Join us on Goldschmidt's 2023 Session:

(Bio)chemical sediments as geochemical archives through deep time - Nutrient availability and the co-evolution of Earth's oceans, atmosphere, continents, and life

Bio-essential elements such as P, N, Ni, Mo, Cd, Zn Co, Fe, and other trace metals may have played different but major roles as nutrients over geologic timescales. Their bioavailability is therefore critical in primary production, with significant implications for C and O cycles and, eventually, the evolution of life. However, there is ongoing disagreement about the conflicting role of some nutrients in early Earth's primary production. Despite collective efforts, major questions remain on how and why some elements became essential to building biomolecules, what controlled their provision to living organisms, and how different continental and atmospheric configurations contributed to this development.

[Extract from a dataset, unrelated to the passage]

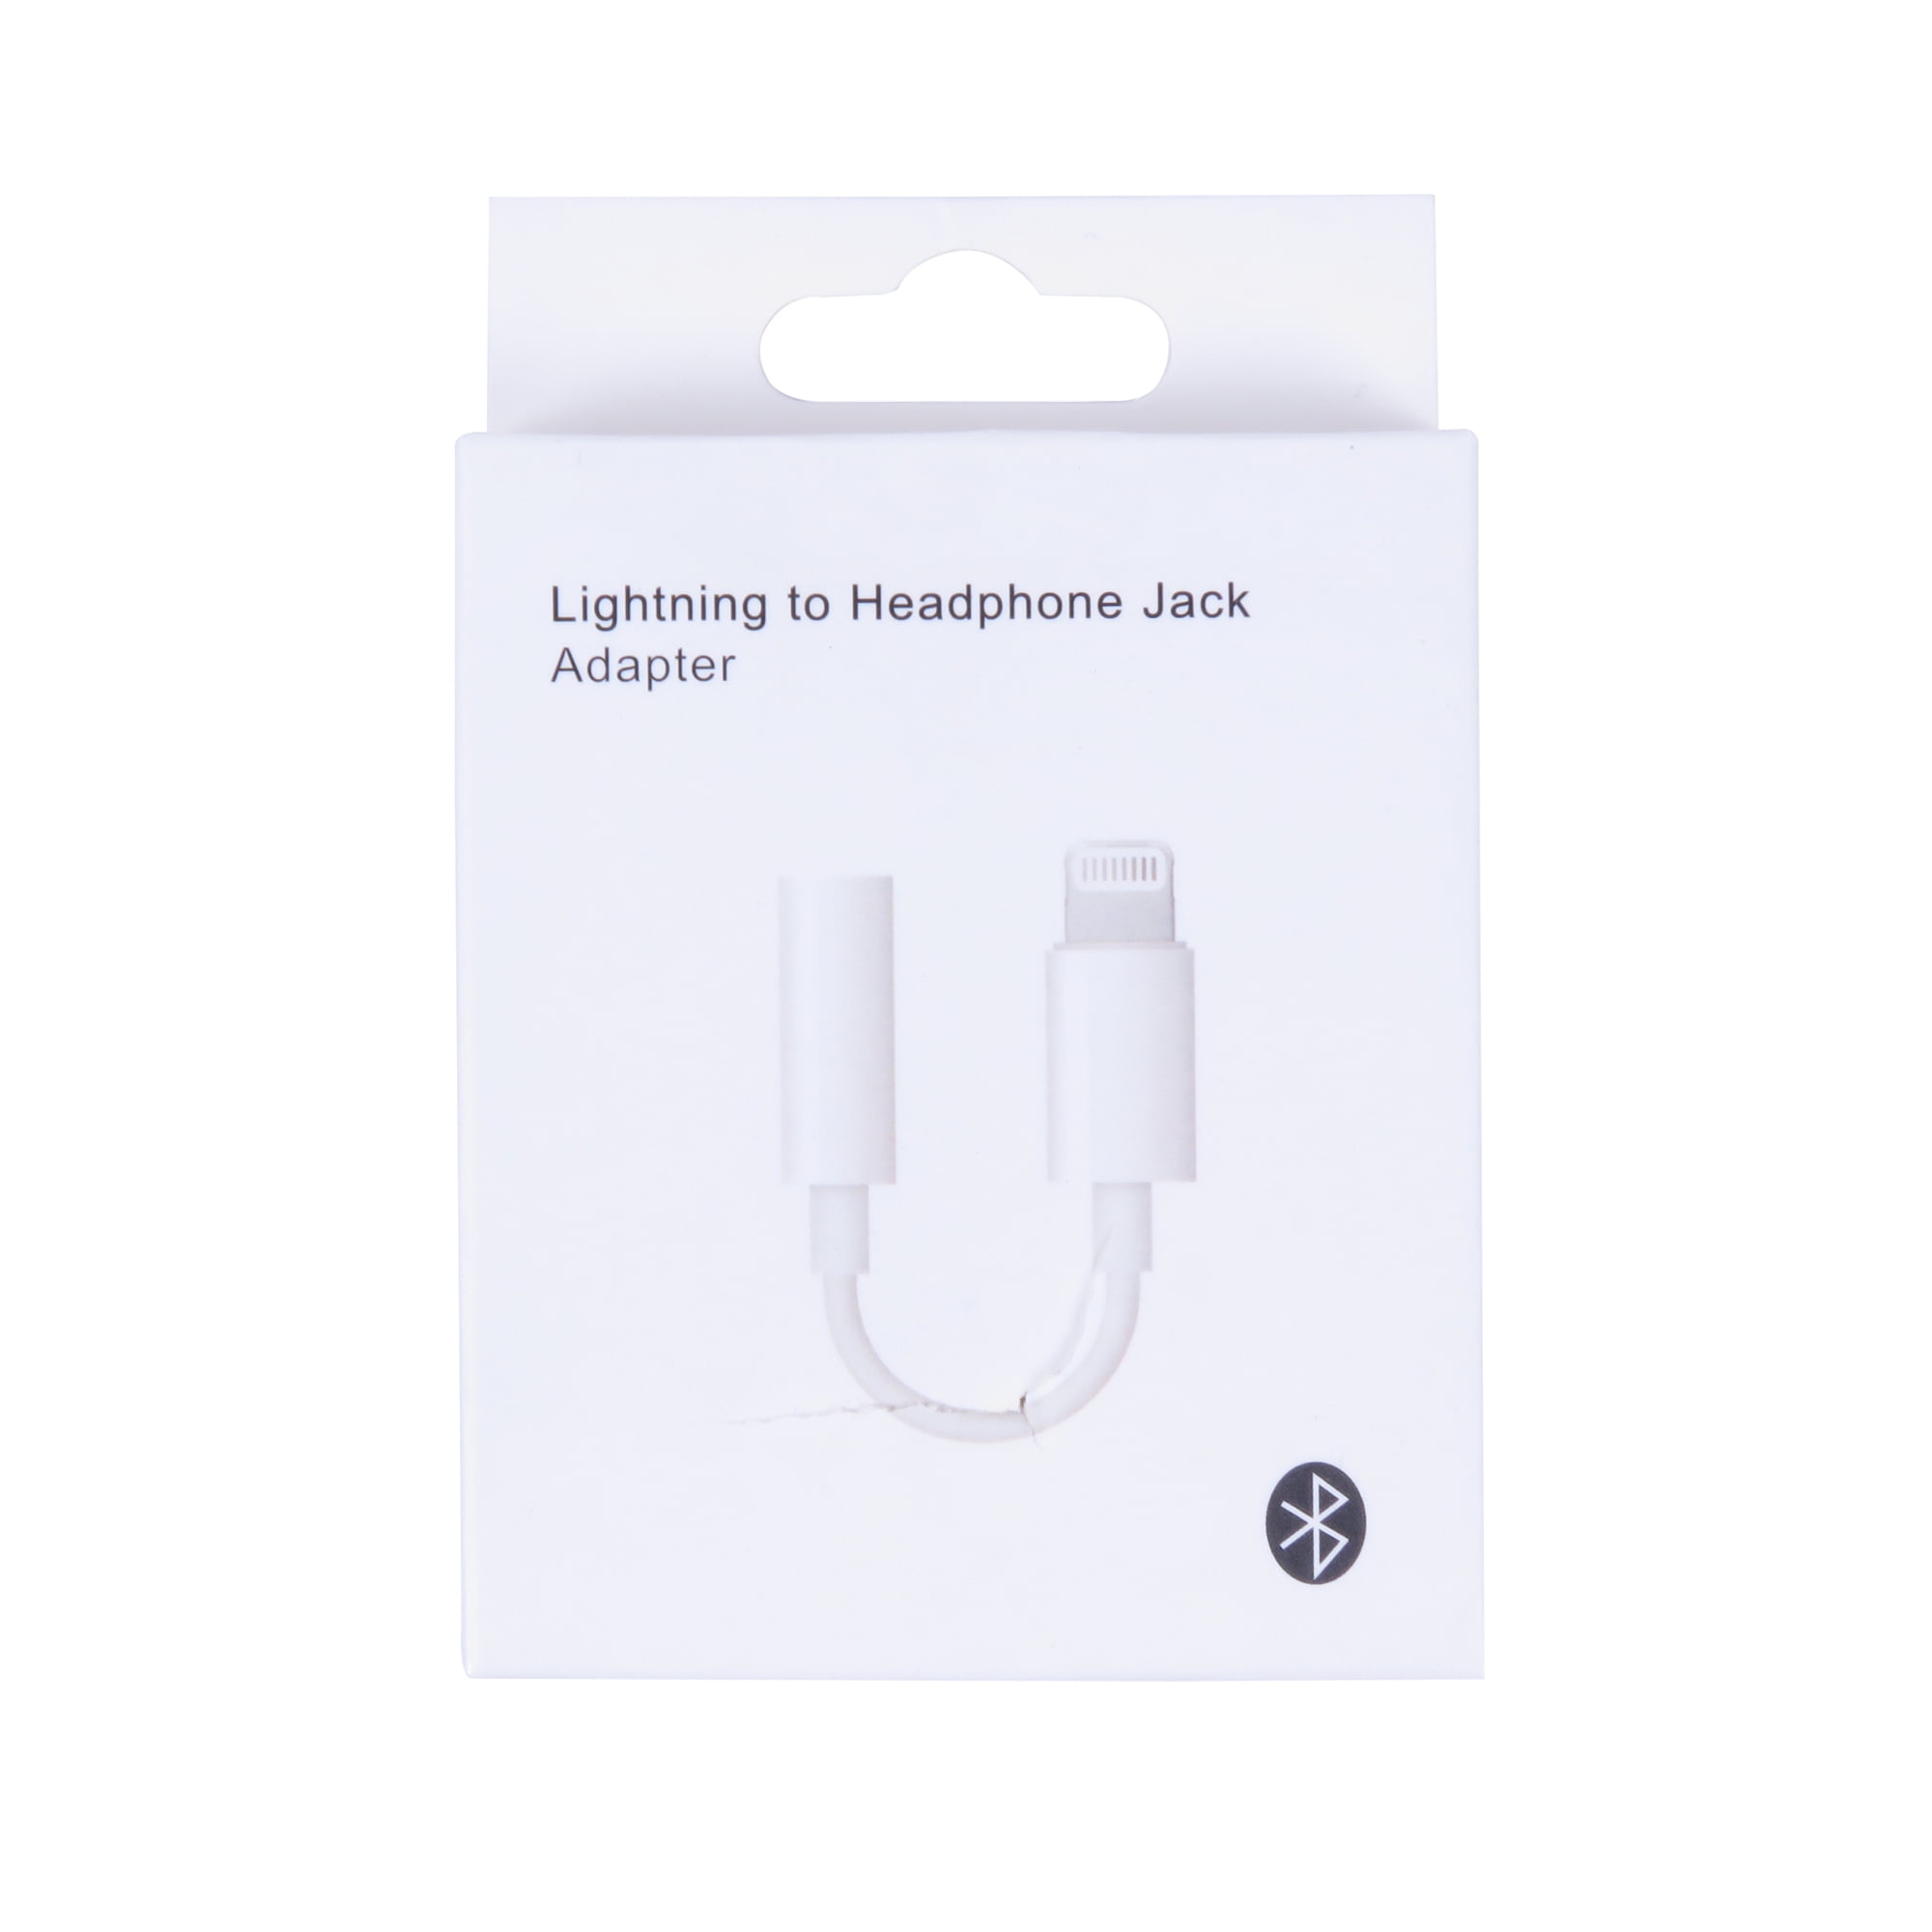 Audio Headphone Jack Adapter Lightning with  mm Headphone Cable  Connecter for iPhone

Aquatic (bio)chemical sediments such as carbonates, lithified microbial mats (microbialites and stromatolites), phosphates, cherts, and banded iron formations are abundant throughout Earth's history and may hold the key to studying the long-term evolution of dissolved bio-essential nutrients and interactions of the biosphere-atmosphere-hydrosphere systems with the geodynamical evolution of the Earth. Geochemical analyses of such archives are critical for extracting information on environmental conditions, geomicrobiological cycles, and post-depositional alteration in modern and ancient systems from natural materials' chemical and isotopic composition. We invite submissions that utilize geochemical and modeling, sedimentological and experimental approaches over a range of natural environments to address these questions and better understand the co-evolution of nutrients and other elemental supplies on Earth's habitats through deep time.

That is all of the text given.